Analysis: The judgment dealt with the issue of whether the deduction claimed for gratuity payments by the assessee was allowable under section 5(e) of the Madras Agricultural Income-tax Act. The Agricultural Income-tax Officer initially allowed the deduction but later disallowed it, stating that the payments had no nexus with the future conduct of the business. The appellate authority upheld this disallowance, leading to an appeal to the Tribunal. The Tribunal found that the payments were not ex gratia but made in pursuance of a consistent practice followed by the assessee since 1949. The Tribunal held that the claim for gratuity under section 5(e) should be upheld based on the established practice of the assessee.
The judgment referenced the Supreme Court case of Gordon Woodroffe Leather Manufacturing Company v. Commissioner of Income-tax to establish the principle that for an expenditure to be deductible under section 5(e), there must be a sufficient nexus between the expenditure and the business operations. The court highlighted that payments made as part of a general practice affecting the quantum of salary or made for commercial expediency could be considered allowable deductions. The court emphasized that if payments were made in pursuance of a general practice, they could be inferred as an inducement for employees to remain in service until retirement, facilitating uninterrupted business operations.
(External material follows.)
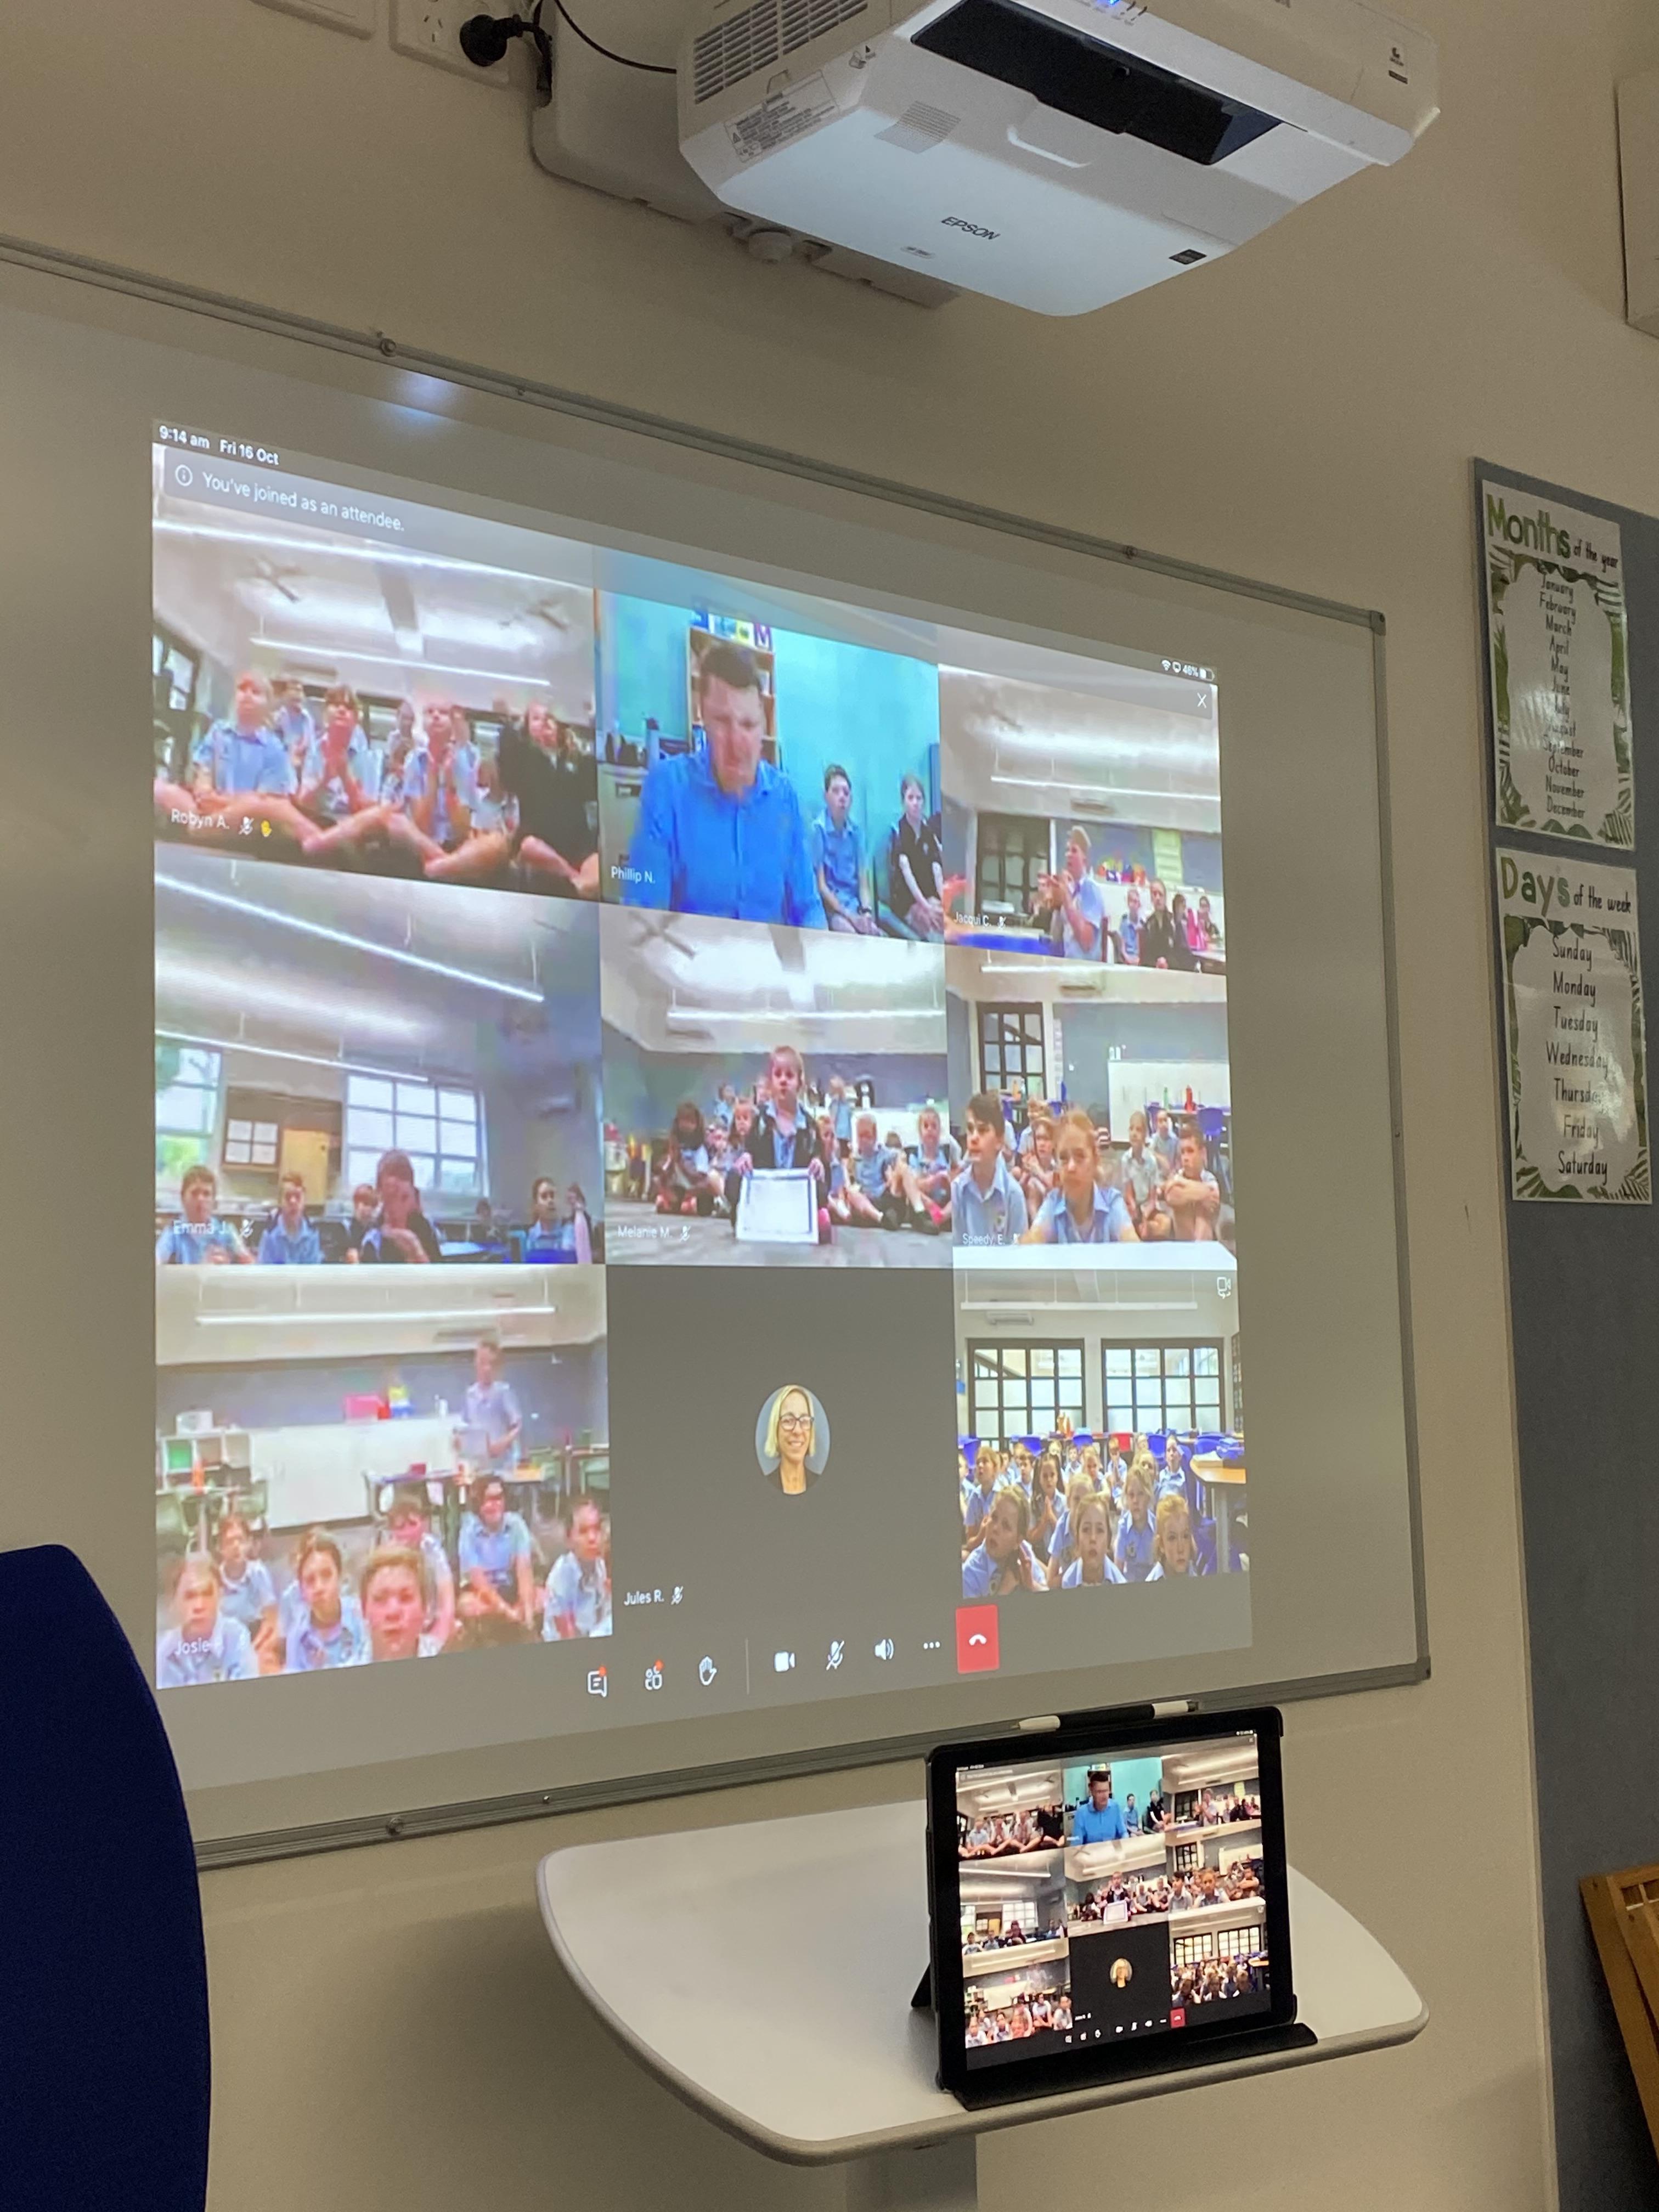 New technology in the classroom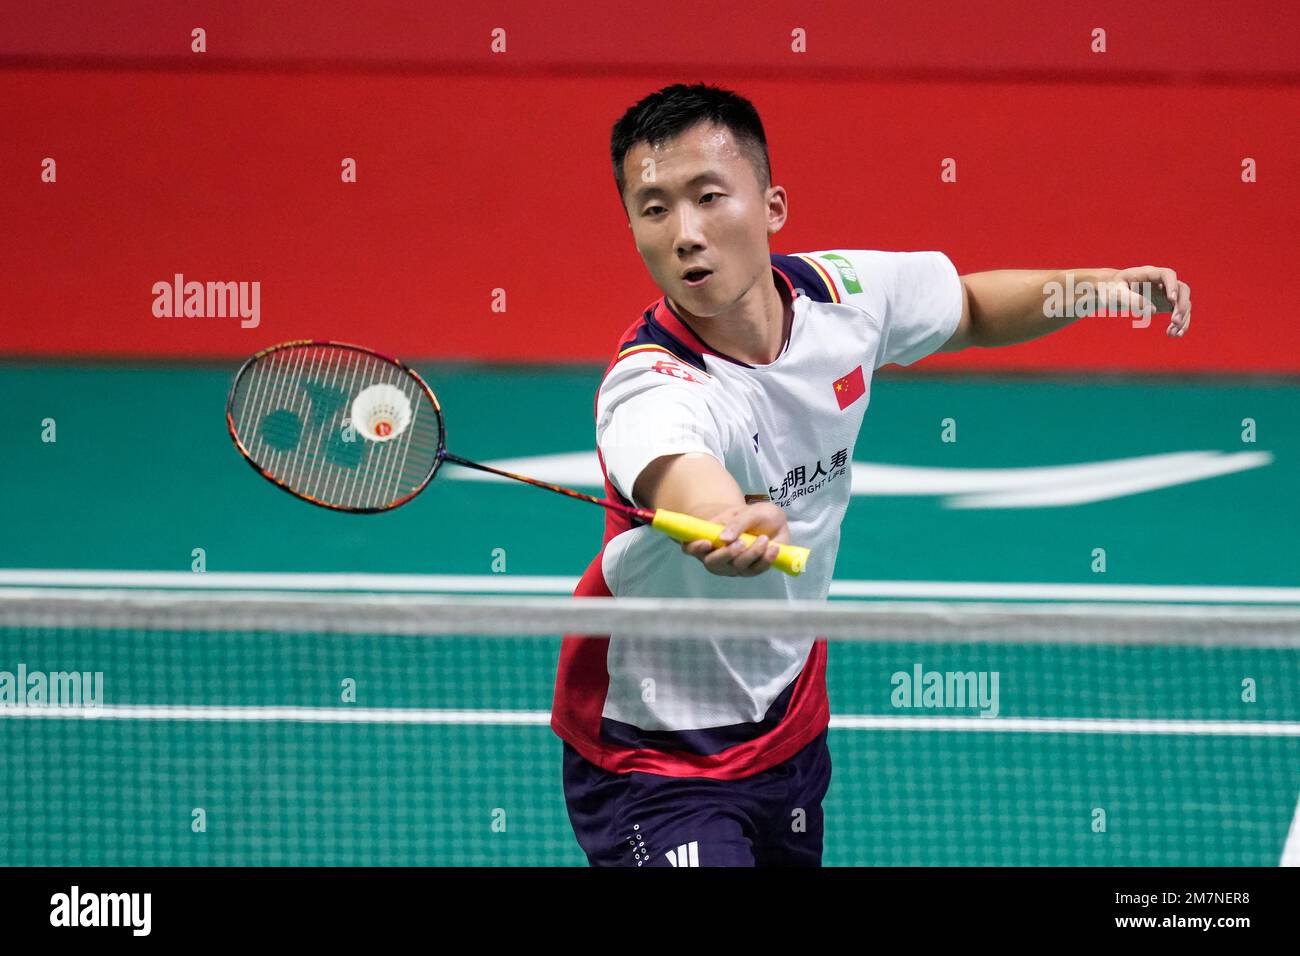 Chinas Lu Guangzu competes against Denmarks Viktor Axelsen during their mens singles Group A badminton match at the BWF World Tour Finals in Bangkok, Thailand, Wednesday, Dec

The judgment distinguished the case at hand from the decision of the Kerala High Court in Teekoy Rubbers (India) Ltd. v. State of Kerala, where gratuity payments were disallowed due to the lack of nexus between the payments and the future conduct of the business. In contrast, the Tribunal in the present case found that the gratuity payments were made in pursuance of a general practice adopted by the company for all retired employees, establishing an expectation among employees to receive gratuity. The court concluded that the established practice of paying gratuity had a sufficient nexus with the future conduct of the business, making the deduction claim allowable under section 5(e) of the Act.
In conclusion, the court upheld the view of the Tribunal, dismissing the petitions and making no order as to costs. The judgment clarified the principles governing the deductibility of gratuity payments under section 5(e) and emphasized the importance of establishing a nexus between such payments and the future conduct of the business to claim deductions successfully.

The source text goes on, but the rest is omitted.